Но есть и Саша Соколов. В книге чувствуется сильное и плохо скрываемое раздражение автора, что сейчас главный предлог для знакомства с остальным СМОГом — наличие в русской литературе этого волшебства. Другое слово и подобрать трудно.
И важно не только то, что “Школа для дураков”, “Между собакой и волком”, “Палисандрия” написаны, а значит, с этим раз и навсегда придется считаться тем, кто числит себя по ведомству русской литературы, и даже не то, что его “похвалил Набоков”, о чем продолжают неизменно вспоминать (Набоков-то умудрялся в числе прочего хвалить вещи отнюдь не бесспорные и наоборот). А в том, что СМОГ повлиял и на это. Значит, был в нем непреходящий смысл и есть навсегда ему оправдание. А дело еще и в том, что поэт N, тиснувший в русском литературном журнале очередную подборку сошедших с личного неиссякаемого конвейера стишков, написанных, как водится, ни о чем и никак, должен держать в уме, что попадется она на глаза Соколову… Впрочем, мысль эта праздная. Не краснеет же пишущая Америка оттого, что жив Сэлинджер.

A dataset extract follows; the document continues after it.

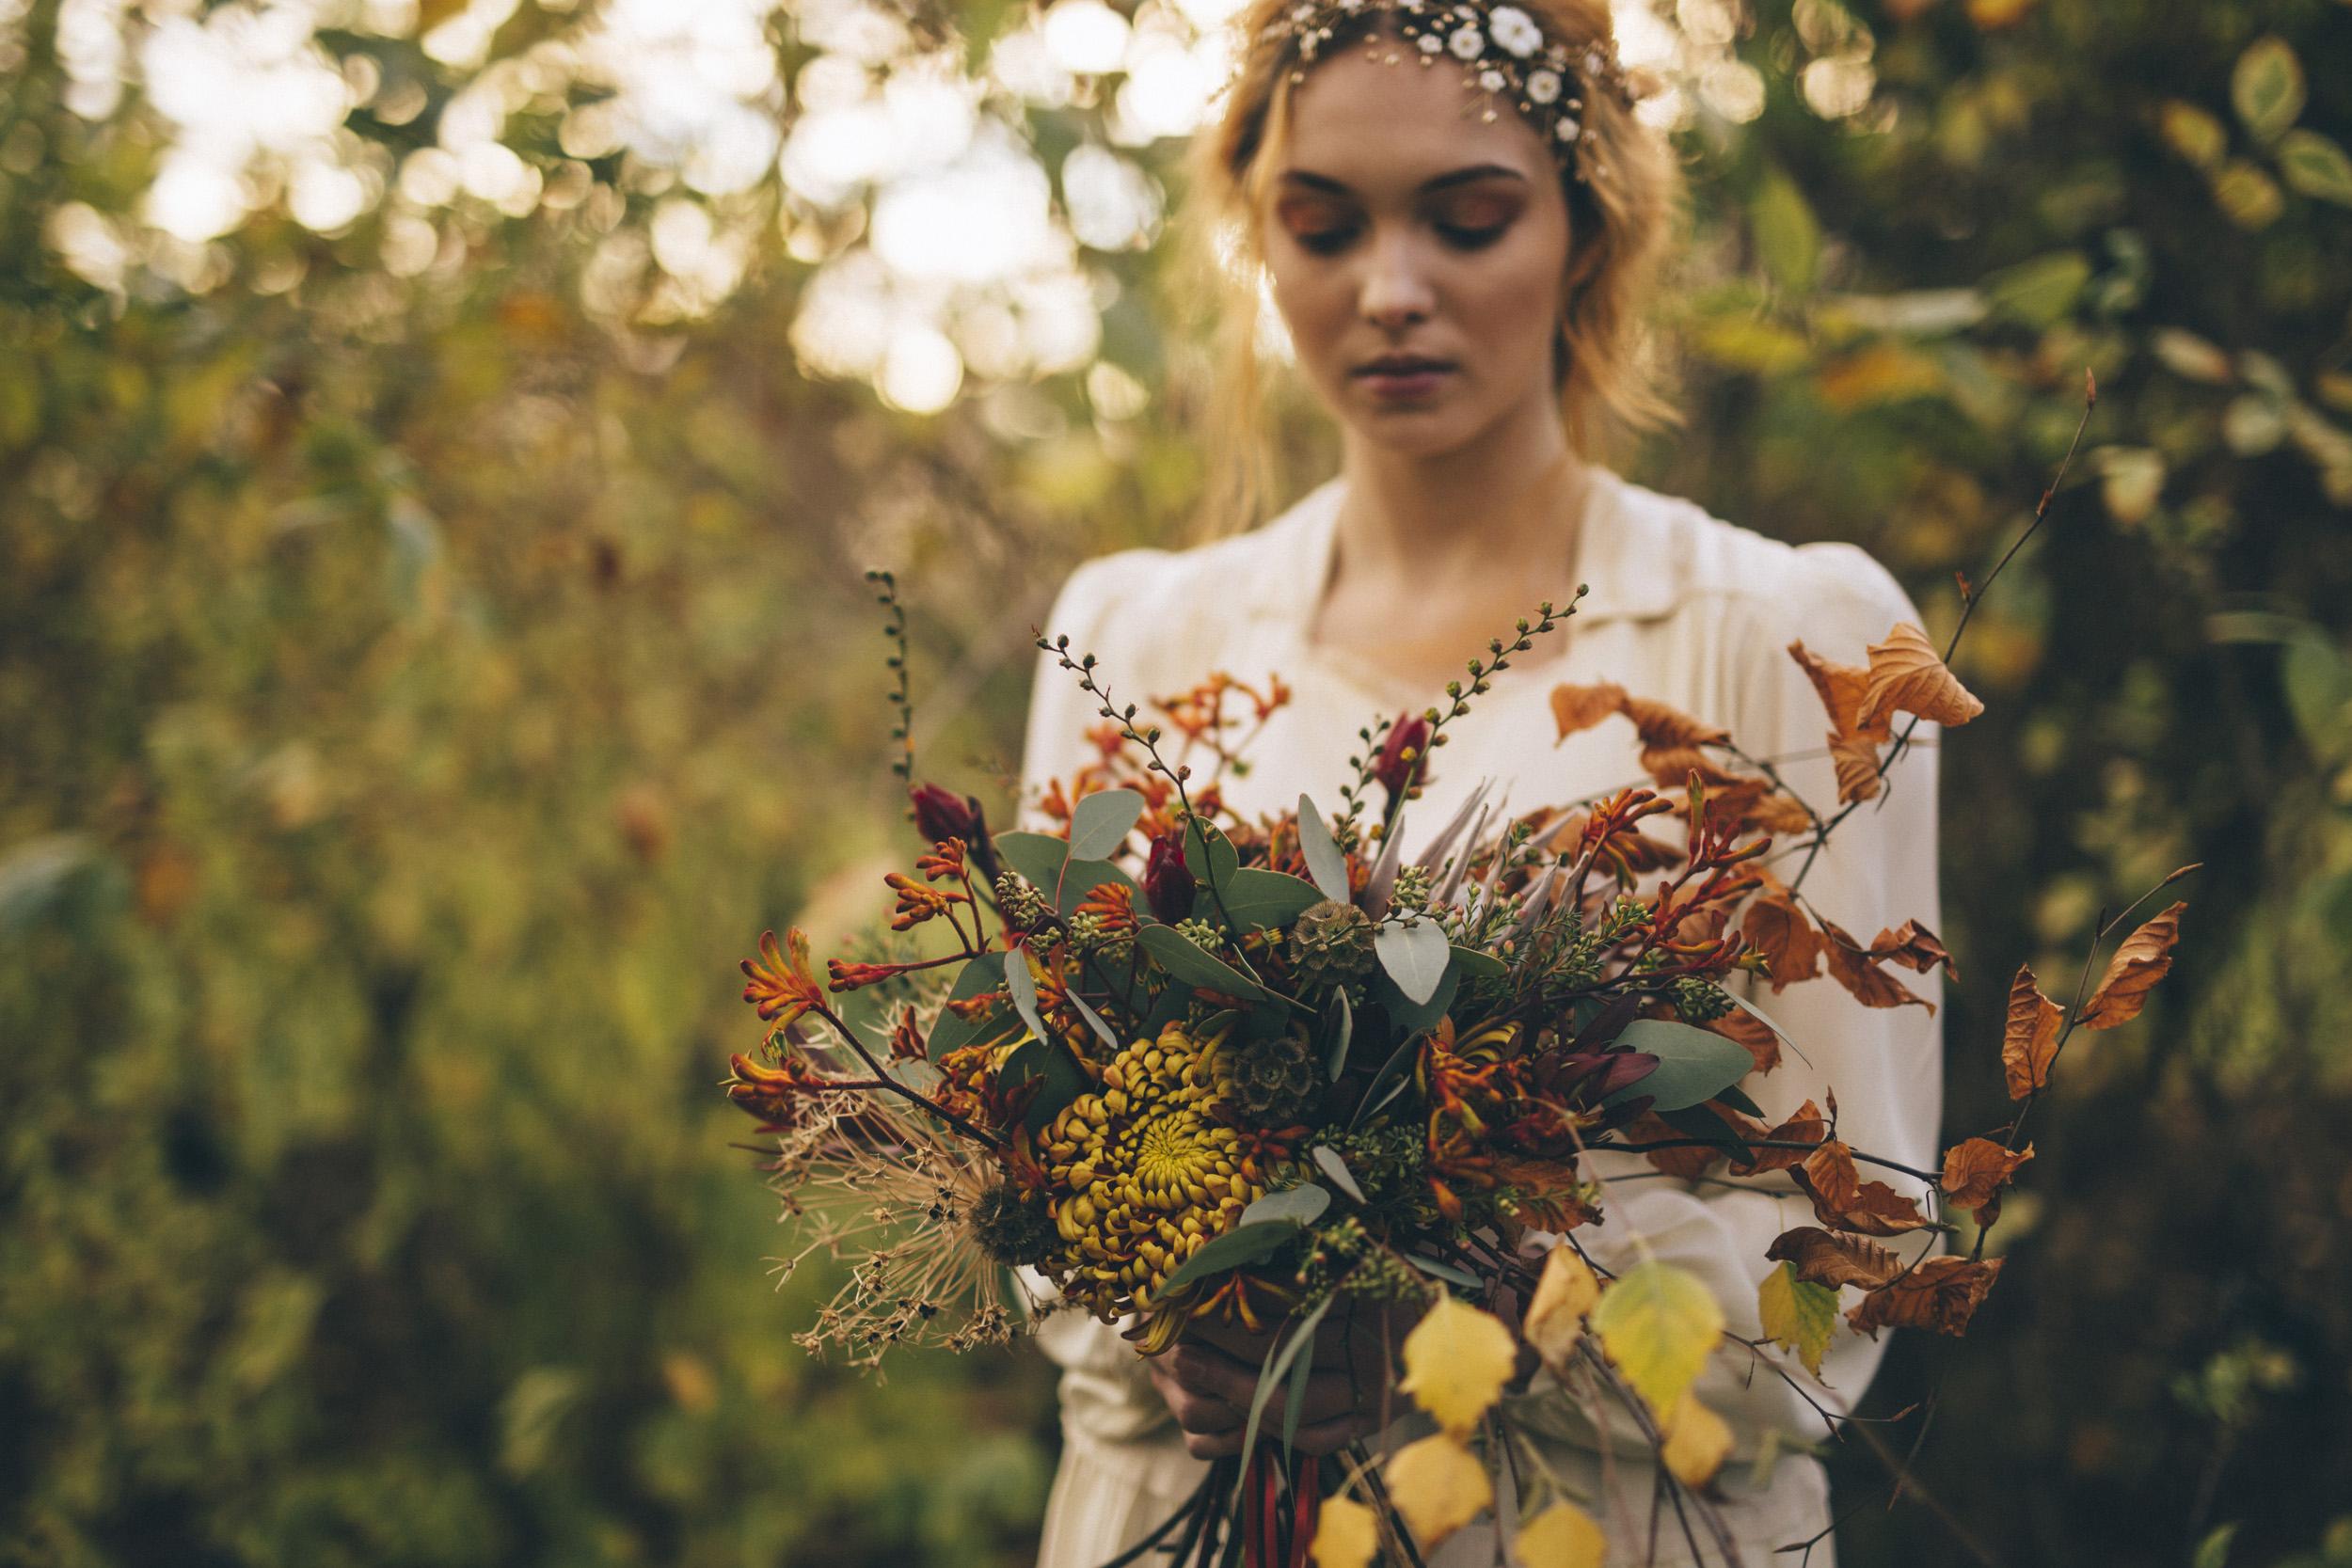 Autumn-Leaves-Shelley-Richmond-Kate-Beaumont-Sheffield-16.jpg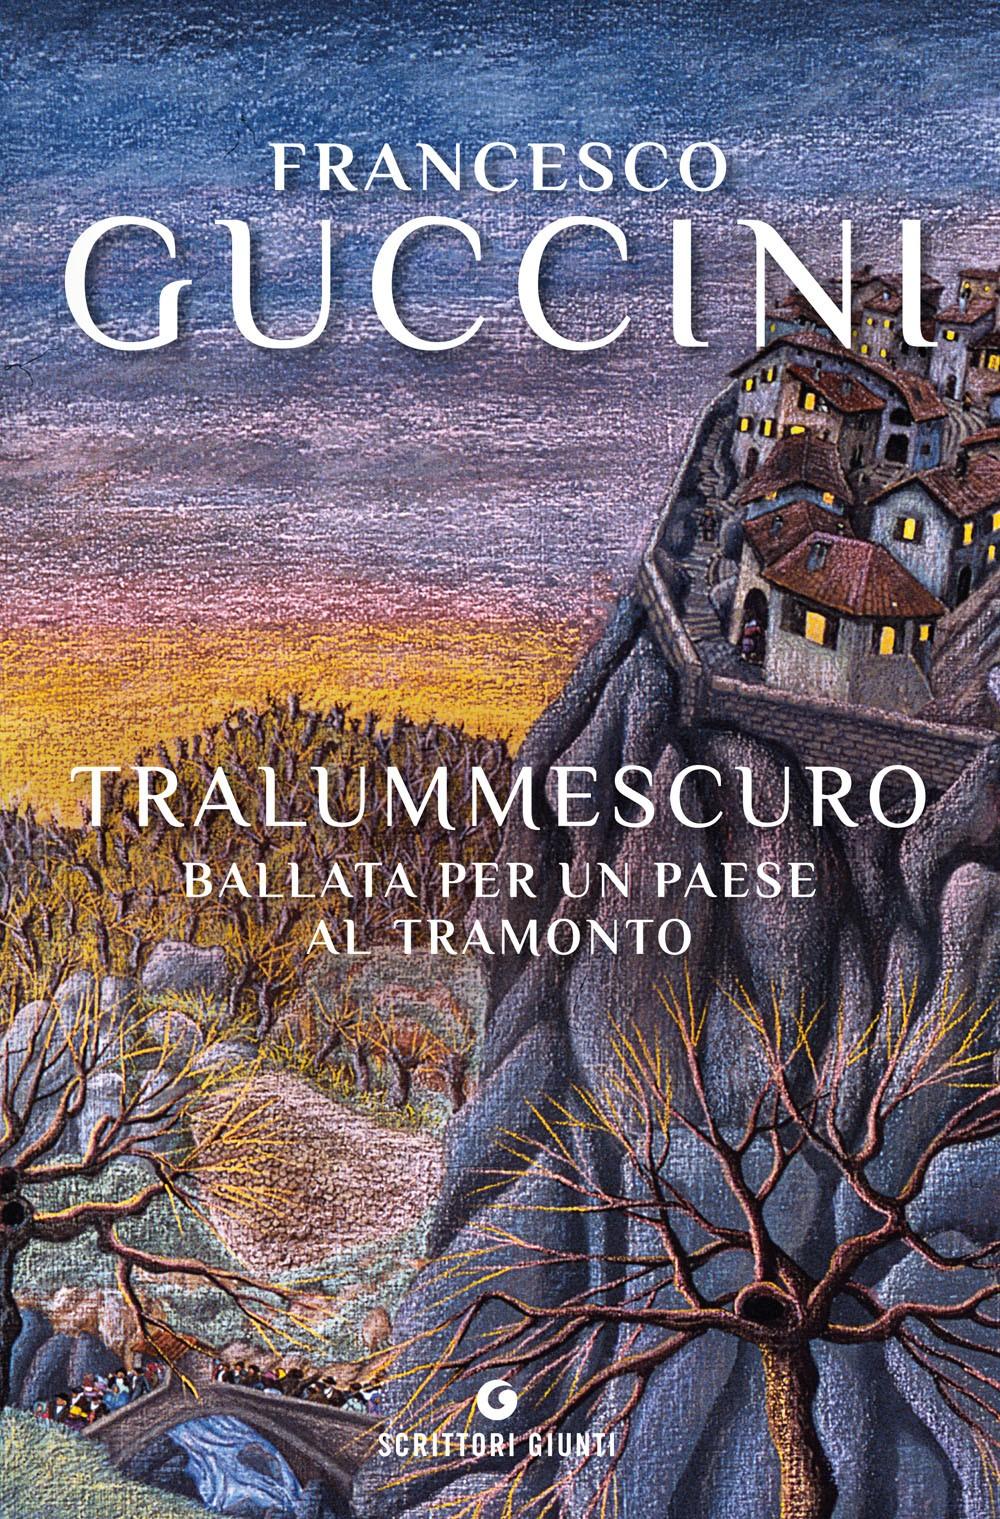 Tralummescuro. Ballata per un paese al tramonto (Tralummescuro. Ballad for a vanishing town)

Тем не менее человеку, желающему узнать некоторые бытовые подробности русской литературы второй половины ХХ века, книгу Алейникова можно смело рекомендовать. А что касается полноты погружения, метафизической сути происходившего, то опять же лучше возвращаться, как Соколов:
“Причем почти ни с того ни с сего, с середины. В средине шестидесятых — из самого их средостенья, из чрева их, из нутра — заговорить человеческим голосом, наговорить откровений, притч. Только спокойно. Без нервов. В манере далеких солнц: так, будто бы ничего не случилось. Чу: нормальной поэзией. Нормального изумизма. Короче, взорваться, милостивый государь, взорваться”.
Потому что все остальное тоже, конечно, важно. Но не слишком. Борьба Алейникова за право причислять к лику СМОГа остальных — в качестве главной его величины, отца-основателя и патриарха — выглядит поистине грустно, особенно сейчас, когда время, последний главный редактор, неумолимо вносит свою окончательную правку.